BAIKONUR, Kazakhstan — Engineers rolled a Russian spaceship out to the launch pad at the Baikonur Cosmodrome Tuesday, taking the final steps to prepare for a crew's upcoming mission to the international space station.
Workers moved the Soyuz rocket, topped with its TMA-8 crew capsule, on train rails from its assembly site only 48 hours before it is to hurtle from the Central Asian steppe into space. The craft will carry Russian Pavel Vinogradov, American Jeff Williams and Brazil's first astronaut, Marcos Cesar Pontes.
Liftoff from Baikonur is scheduled for Thursday morning (9:30 p.m. ET Wednesday). The mission will include experiments designed to see how humans react to prolonged space travel.
"We can return to the moon and ultimately to Mars," Kirk Shireman, NASA's deputy manager for the space station, said as he described how the knowledge gleaned from the experiments would be used.
The American space program has largely depended on Russian Soyuz and Progress craft to ferry its astronauts and supplies to the orbiting space station since the 2003 Columbia disaster grounded the U.S. shuttle fleet. Though the shuttle Discovery visited the station on a test mission in July, troubles with foam insulation on its external fuel tank have cast doubt on when the shuttle will fly again.
Shireman said the United States would continue to rely on Soyuz to make its twice-yearly missions to the space station, despite a shuttle flight scheduled for July.
‘World Cup final’ for Brazil
During a pre-launch news conference Wednesday, Pontes told reporters that he planned to take his national soccer team’s shirt into space, to bring the players luck in this June’s World Cup.
Pontes is due to spend 10 days in space, traveling up to the station with Vinogradov and Williams — then coming back down with the crew they are replacing, American Bill McArthur and Russian Valery Tokarev, who have been in orbit for six months.
"It’s like the World Cup final and Brazil is playing," Pontes’ doctor, Luiz Claudio Lutiis Silveira Martins, said on the steps of "Area 17," the building where cosmonauts stay before their launch. "This is a historical moment for Brazil."
Pontes said he would also take the Brazilian flag with him, along with some items to commemorate the first flight 100 years ago of countryman Alberto Santos-Dumont, seen in Brazil as the father of aviation.
"About being the first Brazilian: It’s a very good feeling, but a great responsibility also,” he said, adding he was conscious that he would become a role model.
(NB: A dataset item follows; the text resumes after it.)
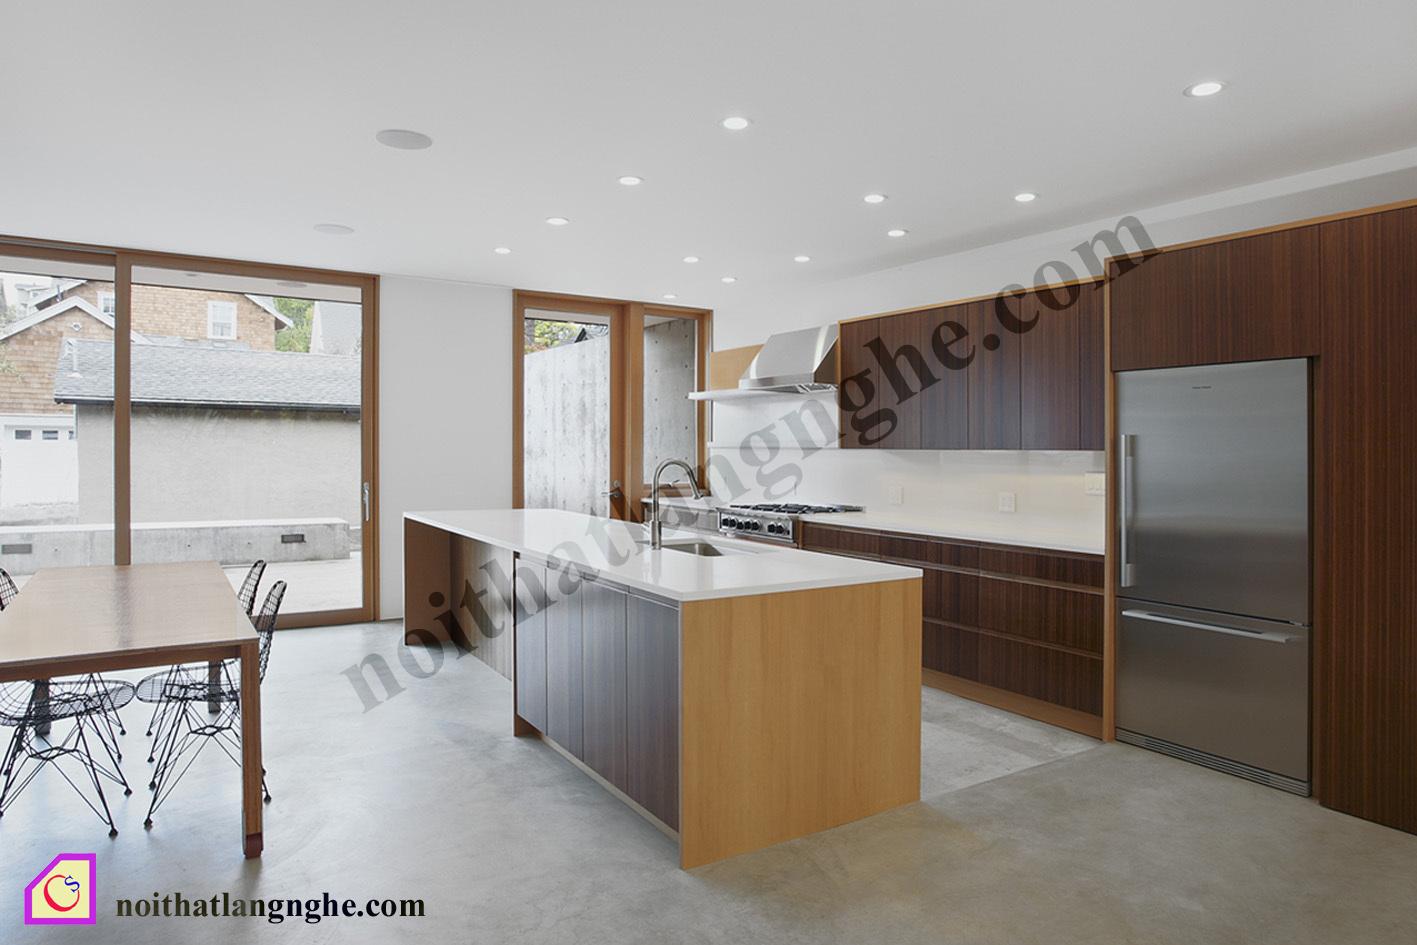 Tủ bếp Laminate có bàn đảo TBĐ_19

Pontes spoke to reporters with Williams and Vinogradov from behind a glass wall to protect them from germs ahead of their launch. He had dreamed since childhood of becoming an astronaut and joined the NASA training program in the late 1990s.
He had been scheduled to fly aboard a NASA space shuttle in 2001, but the flight was postponed for financial reasons. After the Columbia tragedy, Pontes' mission was put off indefinitely.
"I want to thank the Brazilian Air Force ... who taught me how to pursue an objective. If someone gives you a mission, you go until the end, independently of problems that you have," he said. "Persistence is the word I’d like people to remember."
This report includes information from The Associated Press and Reuters.